ENGLISH ONLY PLEASE (Dan Villegas, 2014)

ENGLISH ONLY PLEASE, the new film by Dan Villegas (MAYOHAN), from a script by Antoinette Jadaone (THAT THING CALLED TADHANA, SIX DEGREES OF SEPARATION FROM LILIA CUNTAPAY) benefits greatly from the onscreen chemistry of its two charming leads, who give life to the story's playfulness and sincerity.

The story is simple enough, as with most romcoms: two lovelorn individuals find each other, and what seemed like a business proposition at first may in fact turn out to be a life-altering revelation for both of them. Fil-Am Julian Parker (Derek Ramsay) goes to the Philippines so he can tell his Filipina ex (Isabel Oli) in person his message of hatred. But first, he needs to master, or at least familiarize with the Filipino language so he can maintain the high ground of their breakup. This is where Tere Madlangsacay (Jennylyn Mercado), an English tutor comes in. She agrees to translate Julian's letter and help him pronounce its translation properly, and in return Julian offers him a thousand dollars in payment.

We all know how this ends, but more important than the destination is the journey these two characters take. Aside from merely just translating for Julian, Tere takes him on a trip around the metro. She localizes him. They eat street foods, ride the jeepney, and Julian even gets to meet Tere's family back in Bulacan. At one point, the two even go cinema hopping from one theater to the next as Julian searches for his ex. 

Julian is not the only one madly in love with an illusion. Tere herself is in a one-way relationship with his ex (Kean Cipriano) who she thinks will one day get back with her, but the guy clearly uses him for sexual and material benefits. And when she knocks her head on the wall, guess who's there to console her?

Then there's Tere's bestfriend Mallows (Cai Cortez), who gives unsolicited advice to Tere even though her own love life is in shambles. Men run away faster than horses at the track upon knowledge that she already has a daughter out of wedlock.

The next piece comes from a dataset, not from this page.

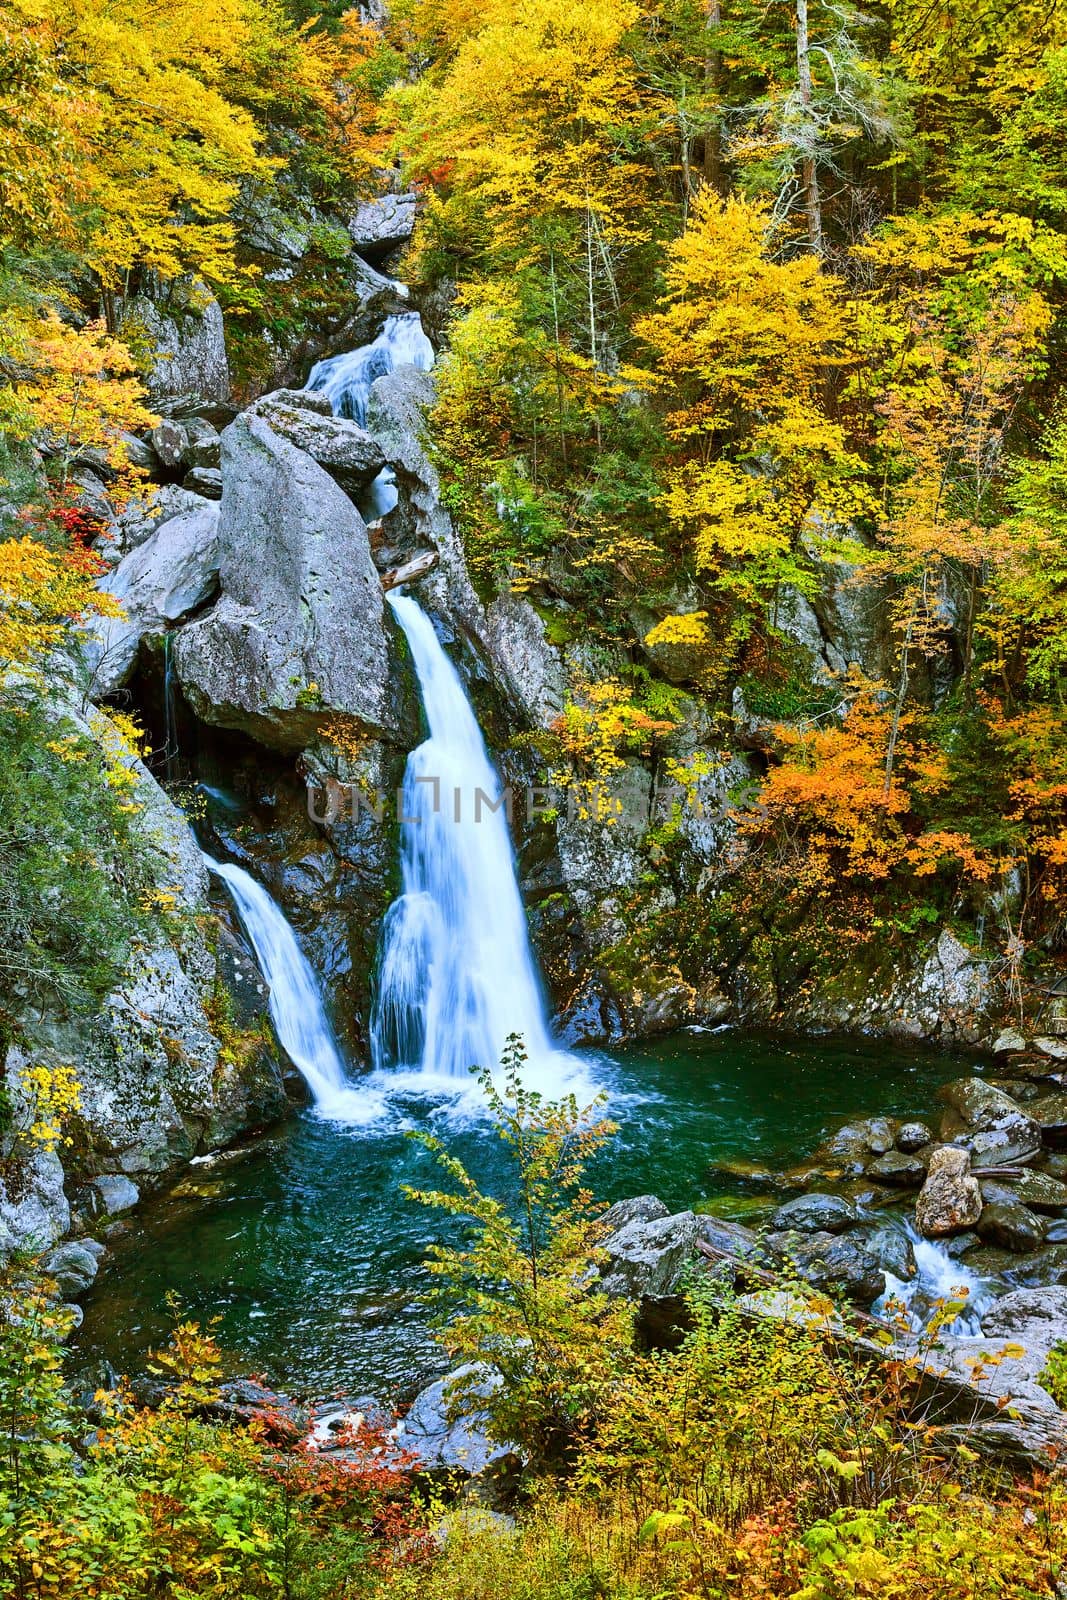 Image of Stunning Upstate New York waterfall surrounded by yellow fall foliage

Jadaone's script is interesting more so of the little ironies hidden in the subtext, but most times the irony is cleverly put into the humorous dialogue. 

What I like most about ENGLISH ONLY PLEASE is that it gets the culture clash conflict right. There is a lot of hilarious material when you write about two cultures clashing, and ENGLISH ONLY PLEASE gets it about 99% of the time. Jadaone knows the common one-liners and issues people encounter on a daily basis, especially in matters of the heart, and she embeds them in her script that we feel as if Tere Madlangsacay is someone we are intimately familiar with. She feels like our best friend, our sister, and maybe even our co-worker. The lines are snappy and Jennylyn Mercado has the privilege to utter them in street-smart, witty fashion. 

Those who have seen Antoinette Jadaone's previous film THAT THING CALLED TADHANA will easily spot the similarities between that and ENGLISH ONLY PLEASE. The characters are pretty much the same, perhaps reversed, and both couple embark on a life-altering physical journey. One might even say that ENGLISH ONLY PLEASE is a companion piece to TADHANA, a sort of dual he said/she said. But while TADHANA is about moving on, ENGLISH ONLY PLEASE is more about forgiveness. The film proves that the sins of the past easily affect our future, our understanding of certain ideologies such as love, commitment, and family, yet sometimes, there comes a person who will show us that our beliefs and prejudices have been terribly, terribly wrong. And in that moment, you will run out of excuses. Excuses like "Traffic sa Edsa" (It's traffic in EDSA).